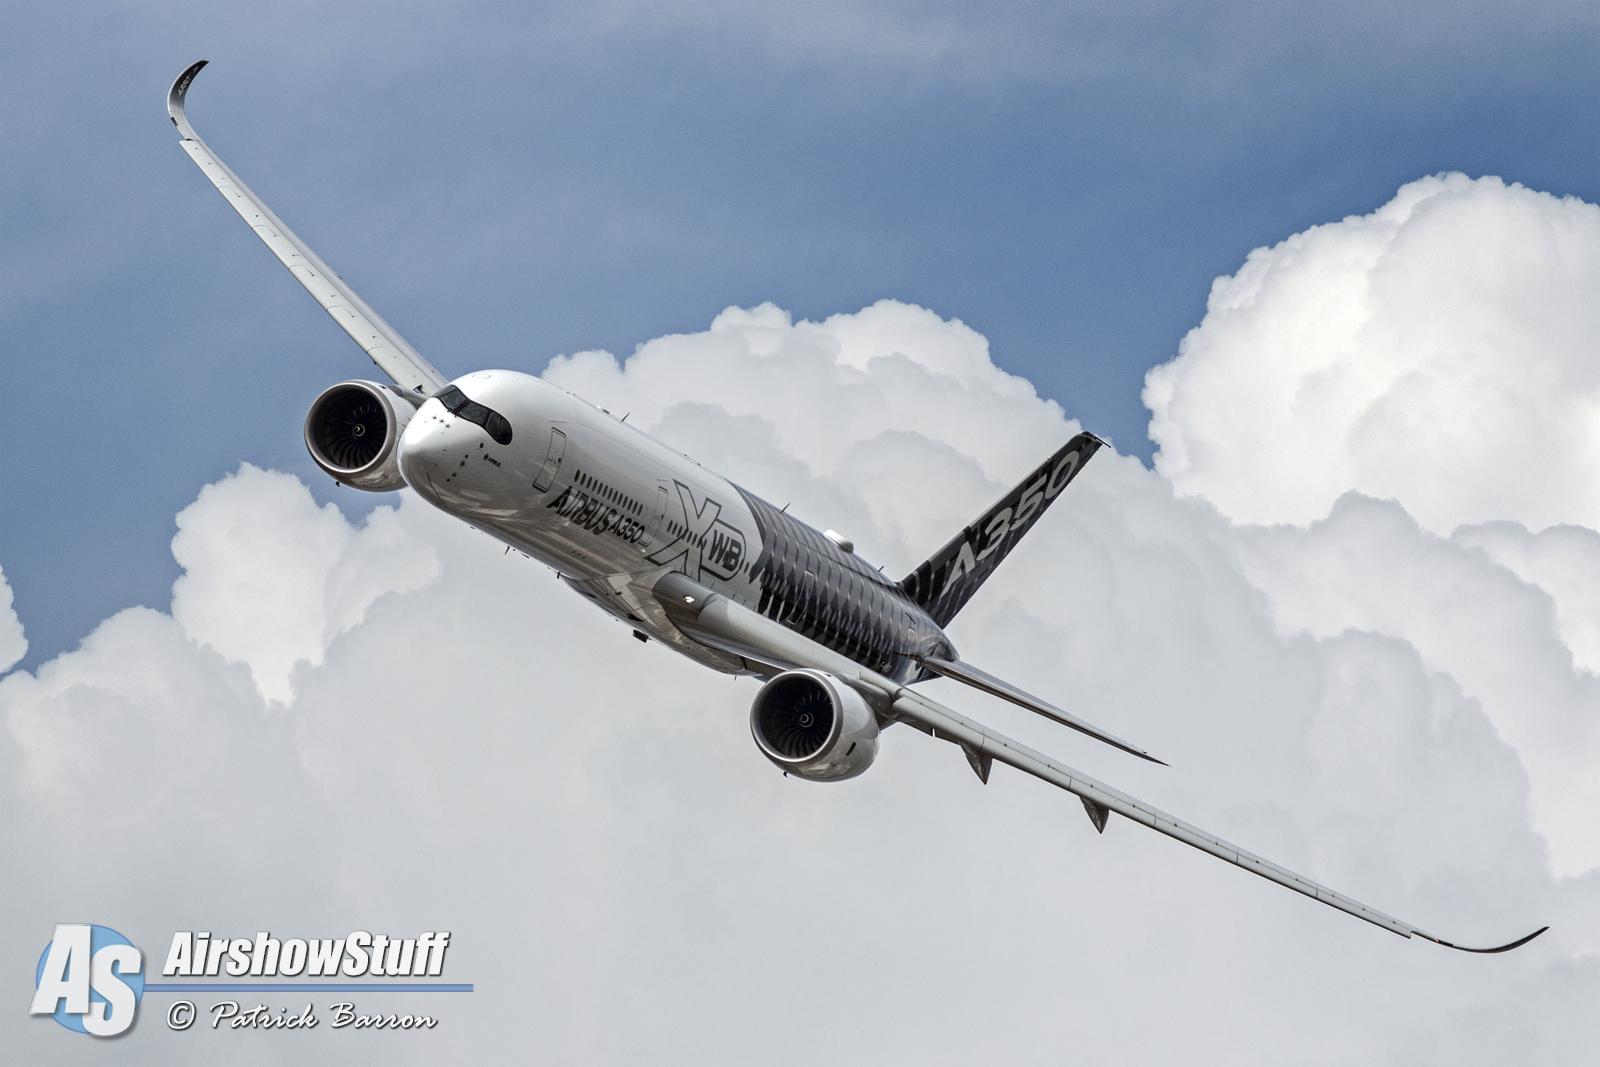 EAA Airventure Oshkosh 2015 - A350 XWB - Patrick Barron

........

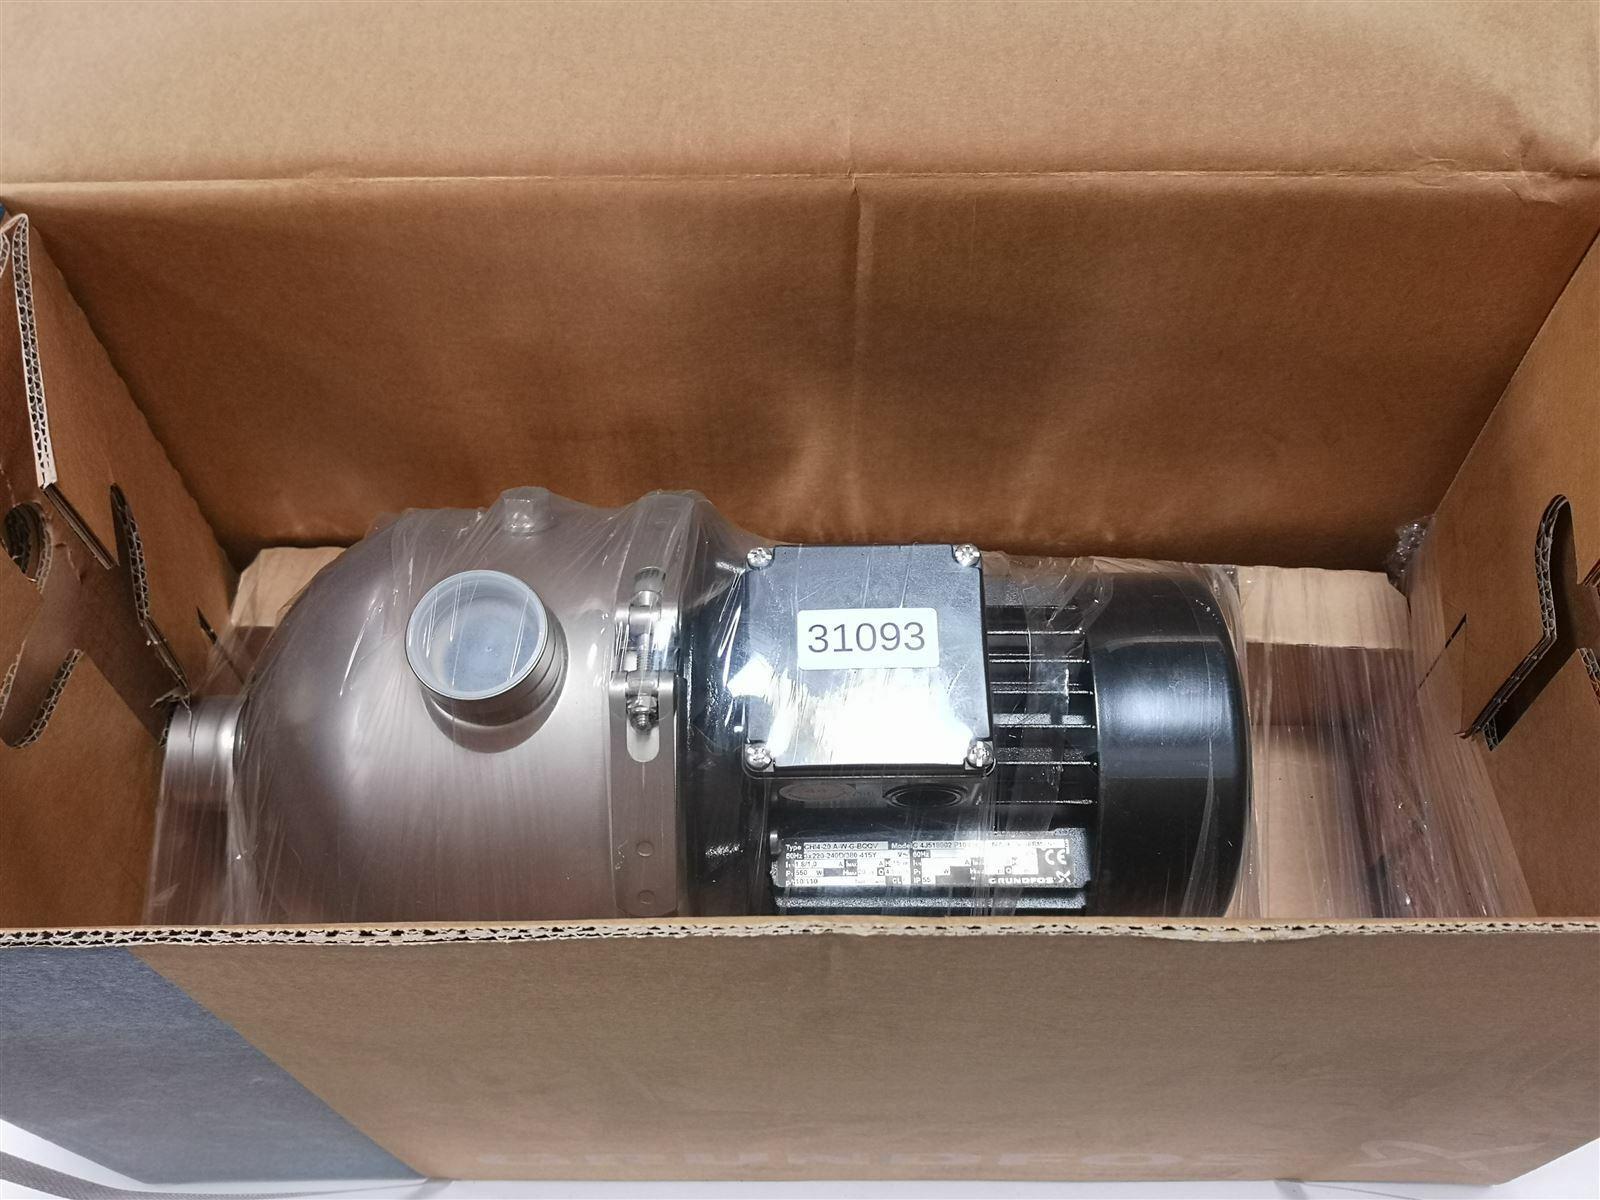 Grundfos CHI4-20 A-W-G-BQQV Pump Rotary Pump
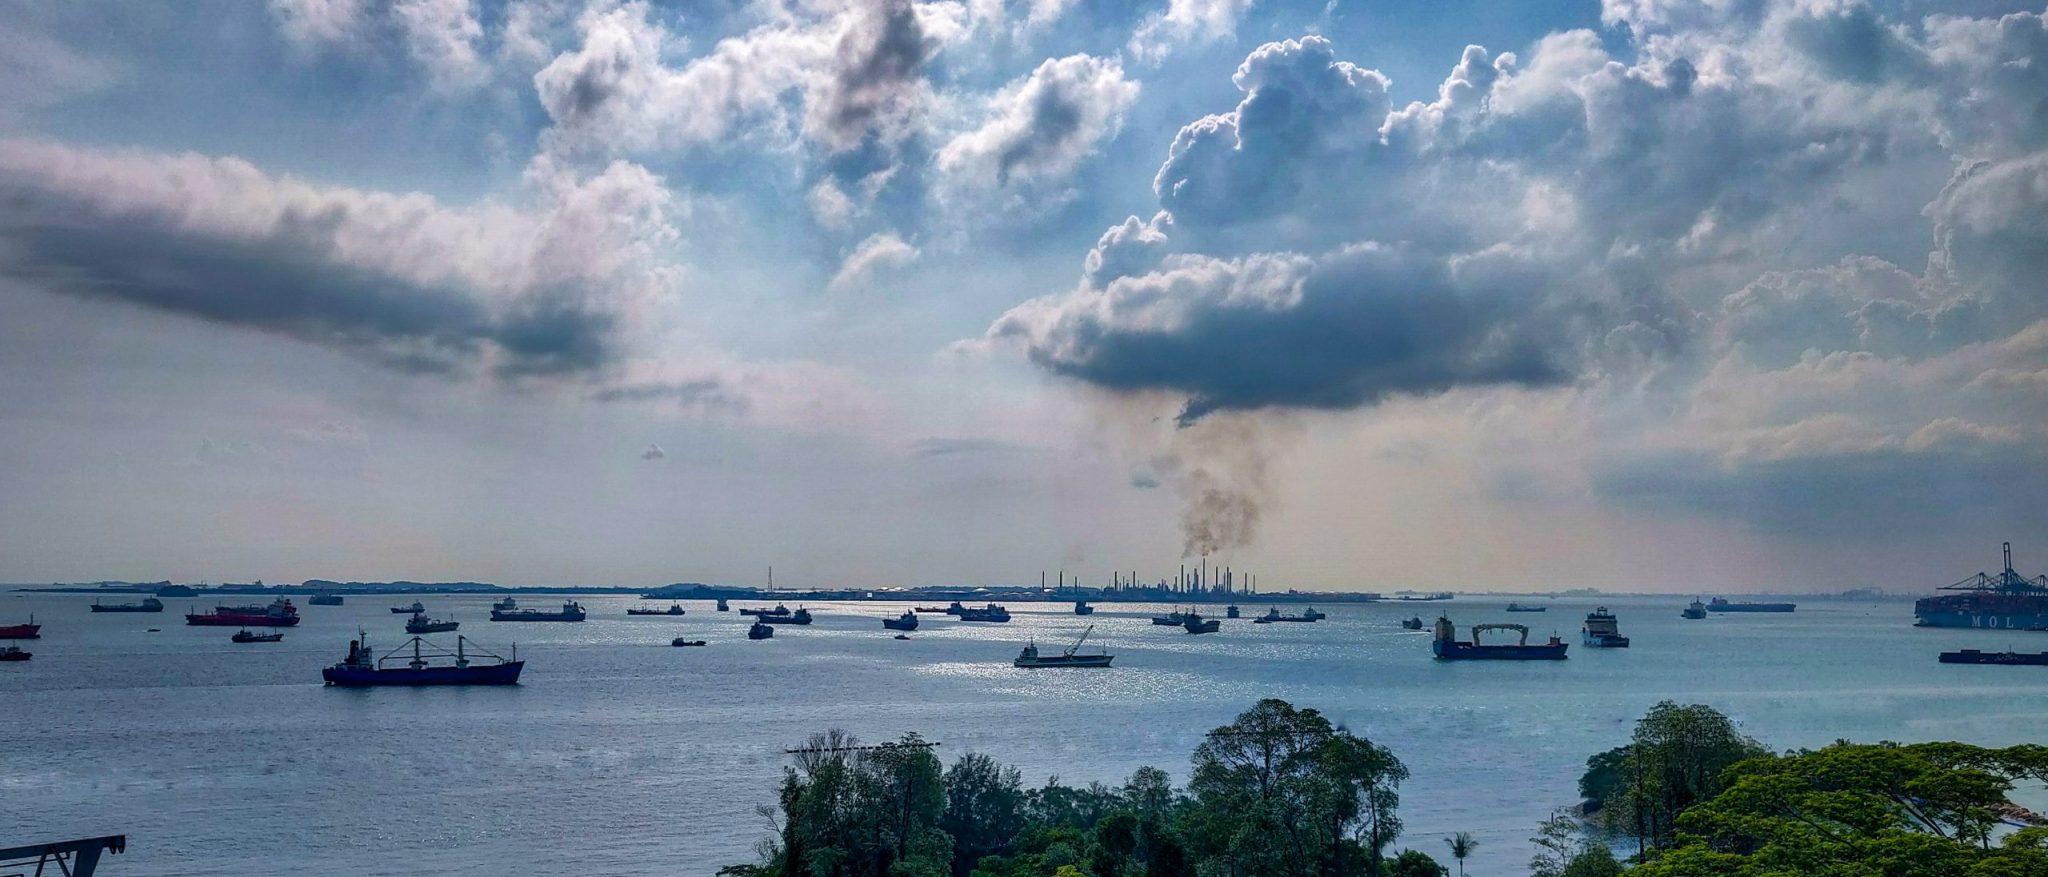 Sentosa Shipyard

........

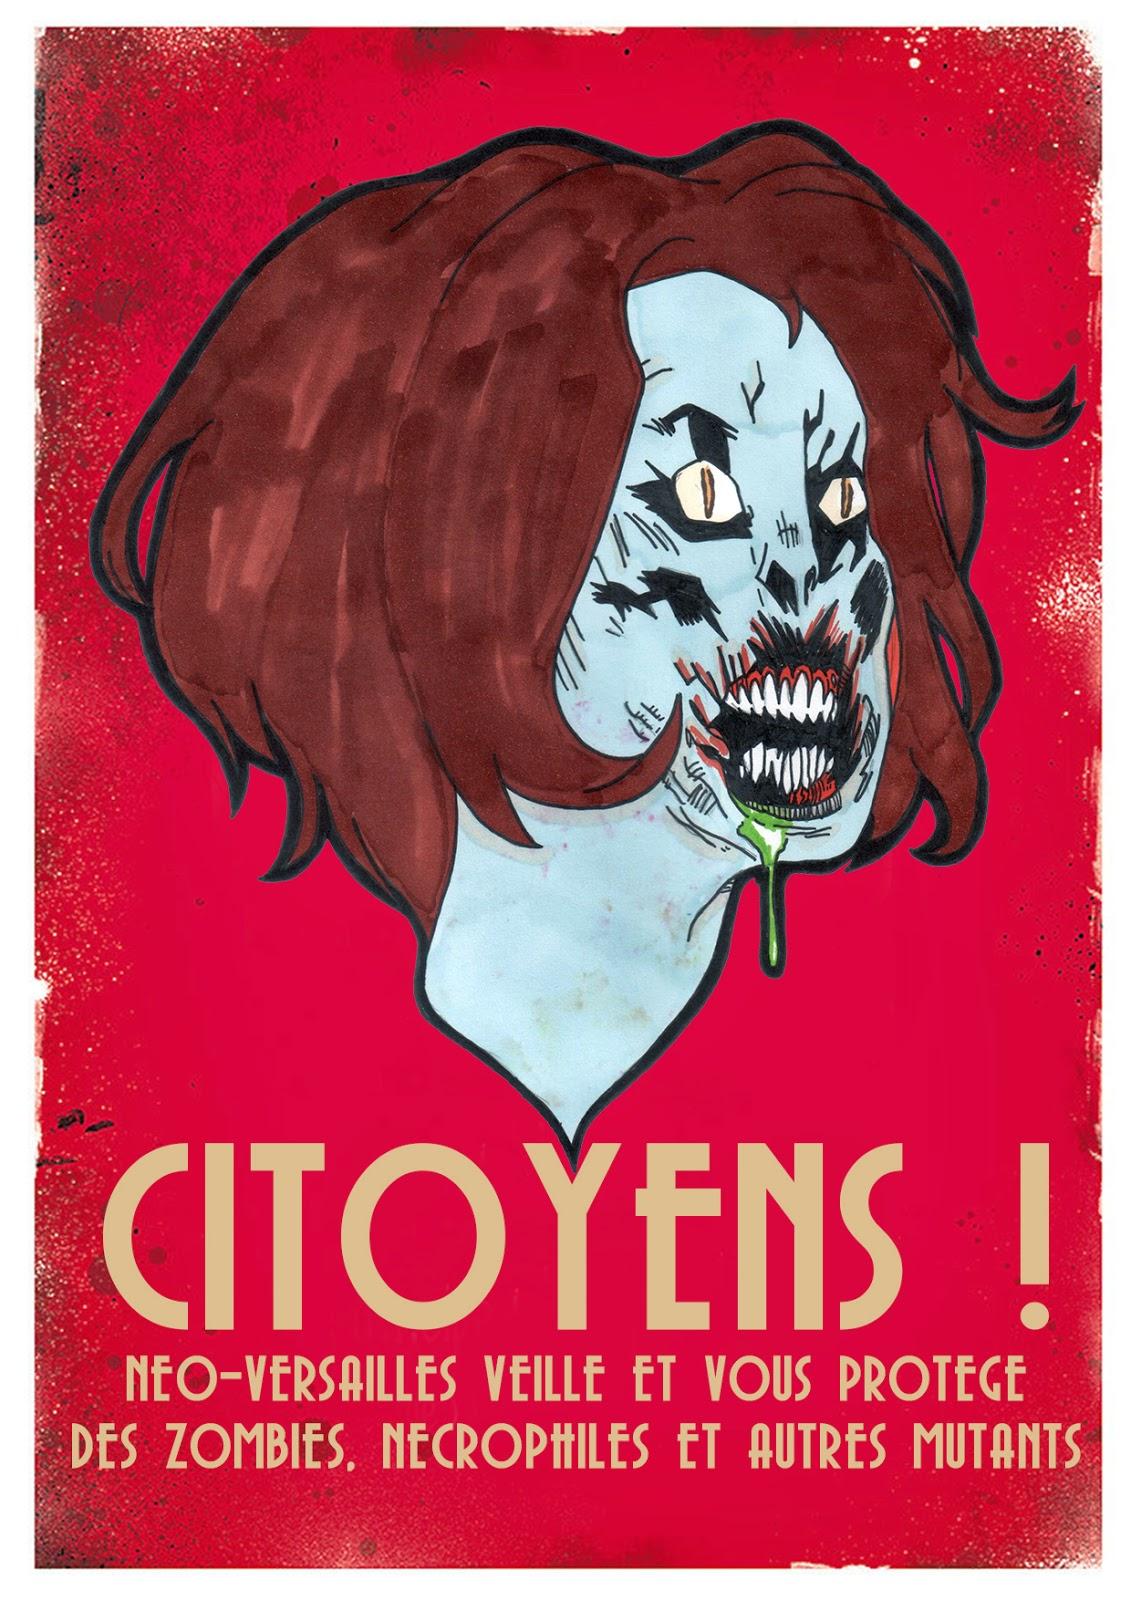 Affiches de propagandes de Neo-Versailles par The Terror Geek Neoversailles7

........

What is expected. Give back exactly, and solely, the section of the data above bounded by the line containing "Grundfos CHI4-20 A-W-G-BQQV Pump Rotary Pump" and the line containing "Sentosa Shipyard", both bounding lines included and pictures omitted.

The answer.
 Grundfos CHI4-20 A-W-G-BQQV Pump Rotary Pump
 Sentosa Shipyard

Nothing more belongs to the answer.